The results of Verschure et al.9 support the concept that cross-calibration myocardial 123I-mIBG phantom studies allow for conversion of different institutional H/M ratios to standardized H/M ratios, which may facilitate multicenter comparison of myocardial 123I-mIBG results. The method can be easily applied reducing variation in outcome measures and thereby further strengthening the clinical role of myocardial 123I-mIBG scintigraphy.

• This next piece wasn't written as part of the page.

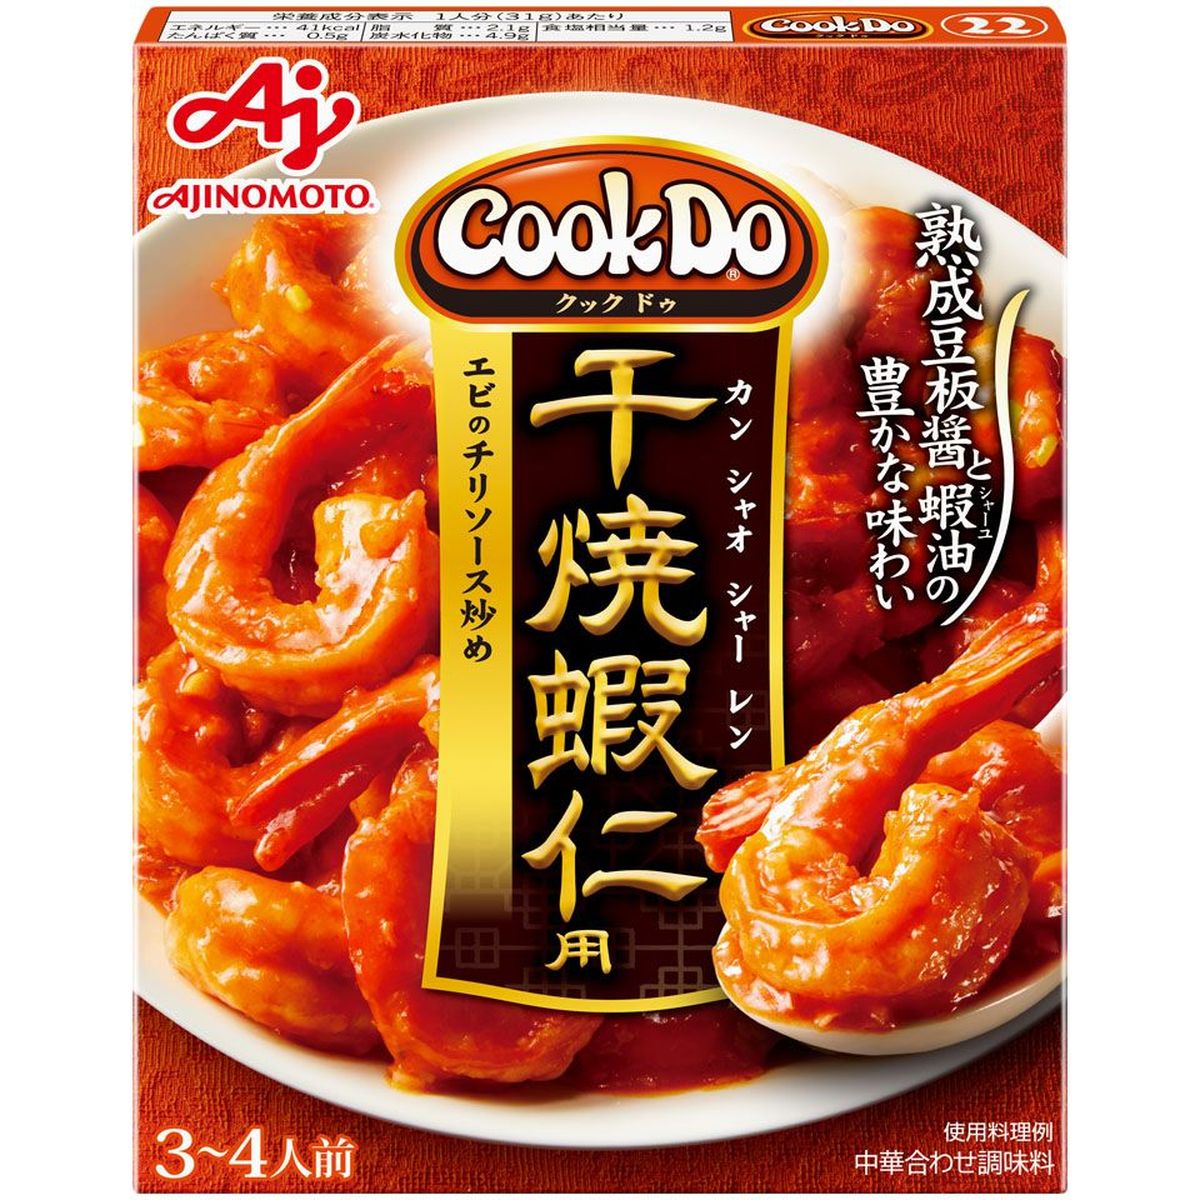 味の素  CookDo22  干焼蝦仁用  110g  x  10個
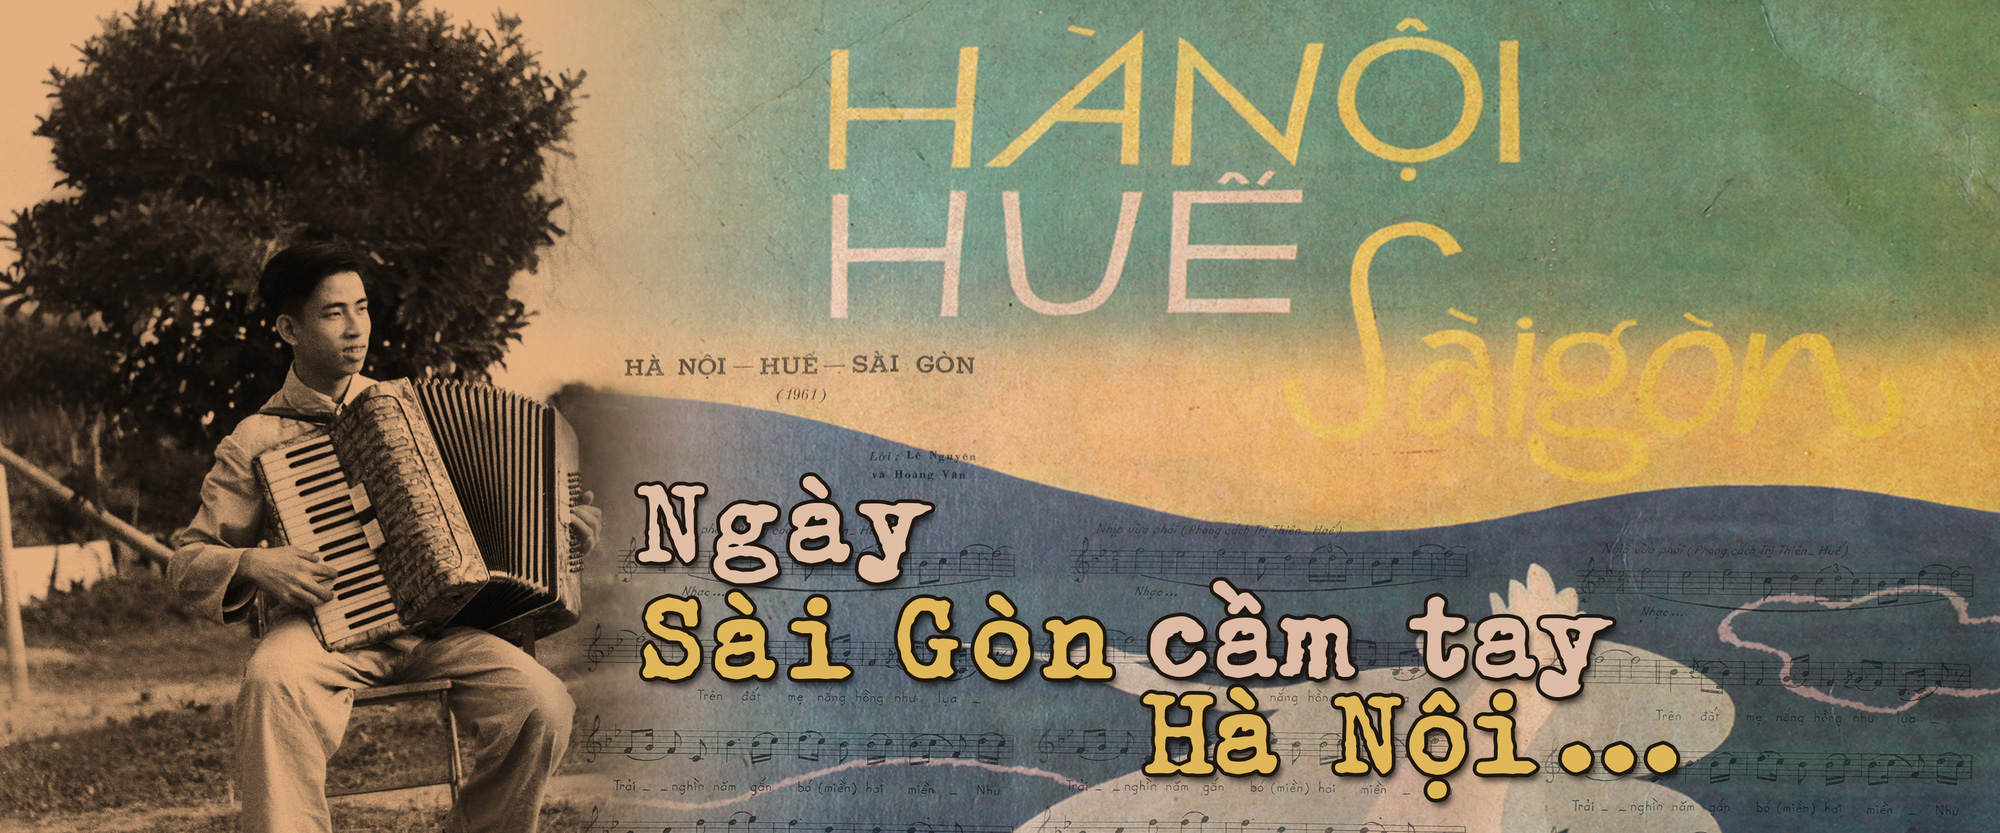 Ngày Sài Gòn cầm tay Hà Nội...

When analyzing these results, it should be noticed that phantom studies denote an ideal situation far from human studies, which are subjected to inherent physiological variability of uptake not only in the organs in the field-of-view but also in those not included in it but contributing to additional scatter not modeled by the phantom. In addition, the effect of septal penetration on the estimation of the H/M ratio should also depend on the source geometry, not considered in the cross-calibration phantom studies previously commented, which were based on the homogeneous and flat distribution of the tracer. Thus, phantom studies can only partially mimic patient physical appearance and give an impression of repeatability and variability, but not necessarily reflect the accuracy of measurements. On the other hand, availability of phantom calibration for identical system configuration may improve the camera system independence and thus allow comparison of the multicenter data, or even serial test results at the same institution. These comparisons could even be performed retrospectively applying the appropriate corrections to the already existing multicenter data. Thus, as in Norton Juster’s children’s book The phantom tollbooth, in which a bored, lonely boy is startled by the unexpected arrival of a large, gift-wrapped package containing a tollbooth, which turns out to be a gateway into a magical parallel universe of the enchanted Kingdom of Wisdom in the Lands Beyond, the cross-calibration phantom study of Verschure et al.9 may represent the gateway for large-scale clinical implementation of cardiac 123I-mIBG scintigraphy. This study extends the Japanese phantom experience to European institutions enabling conversion coefficients for H/M ratio within Europe, which may help myocardial 123I-mIBG scintigraphy to obtain more extensive data and enhance the evidence to support its routine clinical application.